I'm working on a project that involves Token2Token-Vision Transformer for classification task. Information on model here. During conversion from Pytorch weights to IR through onnx, some layers weren't supported with opset version 9, but I managed to export with opset version 12. INT8 & FP16 model works without any problem, but FP16 GPU inference outputs all Nan values. Is it because of version incompatibility?
I'm using the latest version of Openvino 2022.1. Please see the attached screenshot. Any suggestion would be appreciated.
Thanks and regards
Thanks for reaching out.
Does the Nan values output occurs only when running on GPU? From the list of T2T-Vit Models, which specified model you are using?
Please share all the necessary files and inputs to reproduce this issue from our end. You can put all the files in Google Drive and share the link here or privately to my email:
Sorry for late replying. Yes, the Nan output occurs only when running on GPU. Also, I specifically tested T2T-VIT-14 model. Please find the code here . The test_vmmr_img.py has been set up for GPU inference. Just run the file, in console you should be able to see the output from model. Please let me know if you face any problem running the code.
Thanks and regards,
I observed the same output from my end and also encountered an IndexError when running the FP16 precision model on GPU.

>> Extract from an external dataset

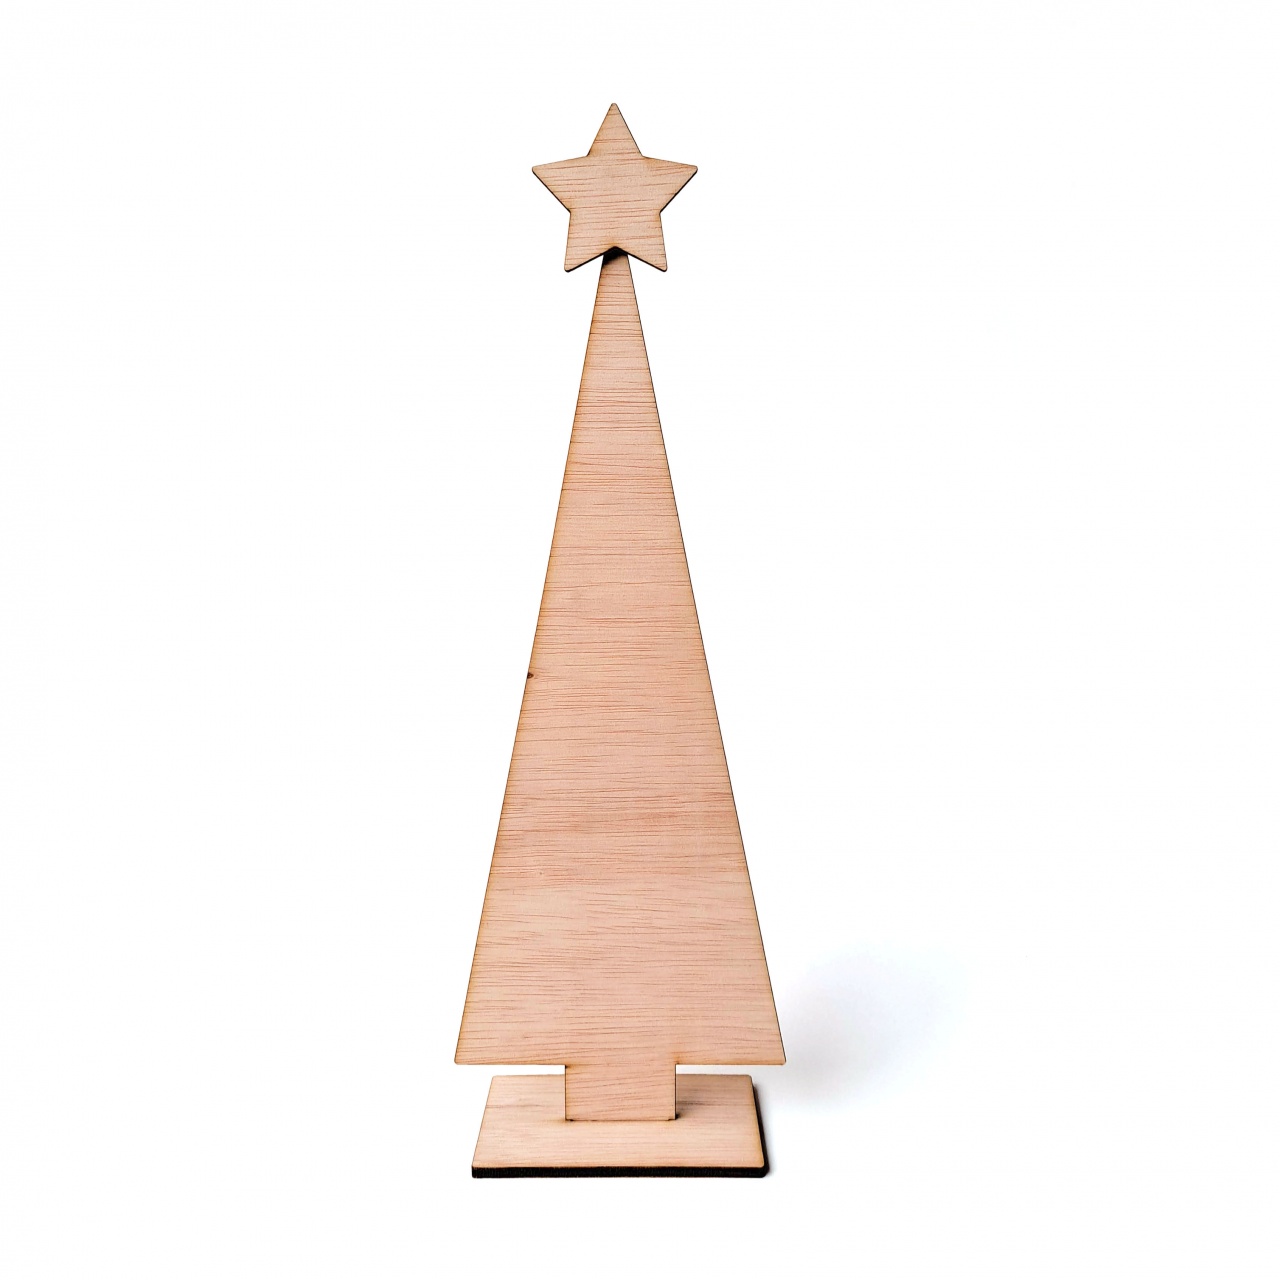 Brad minimalist cu bază și stea, 30 cm înălțime, placaj lemn natur

The performance of T2T-VIT-14 with FP16 precision on GPU was expected and the error encountered was due to missing transposes to MatMul. Our development team is working to rectify this and potentially, the fixes will be available in the next releases.
For the 2022.1 release, I would suggest you use INT8 with GPU instead.
This thread will no longer be monitored since we have provided a solution. If you need any additional information from Intel, please submit a new question.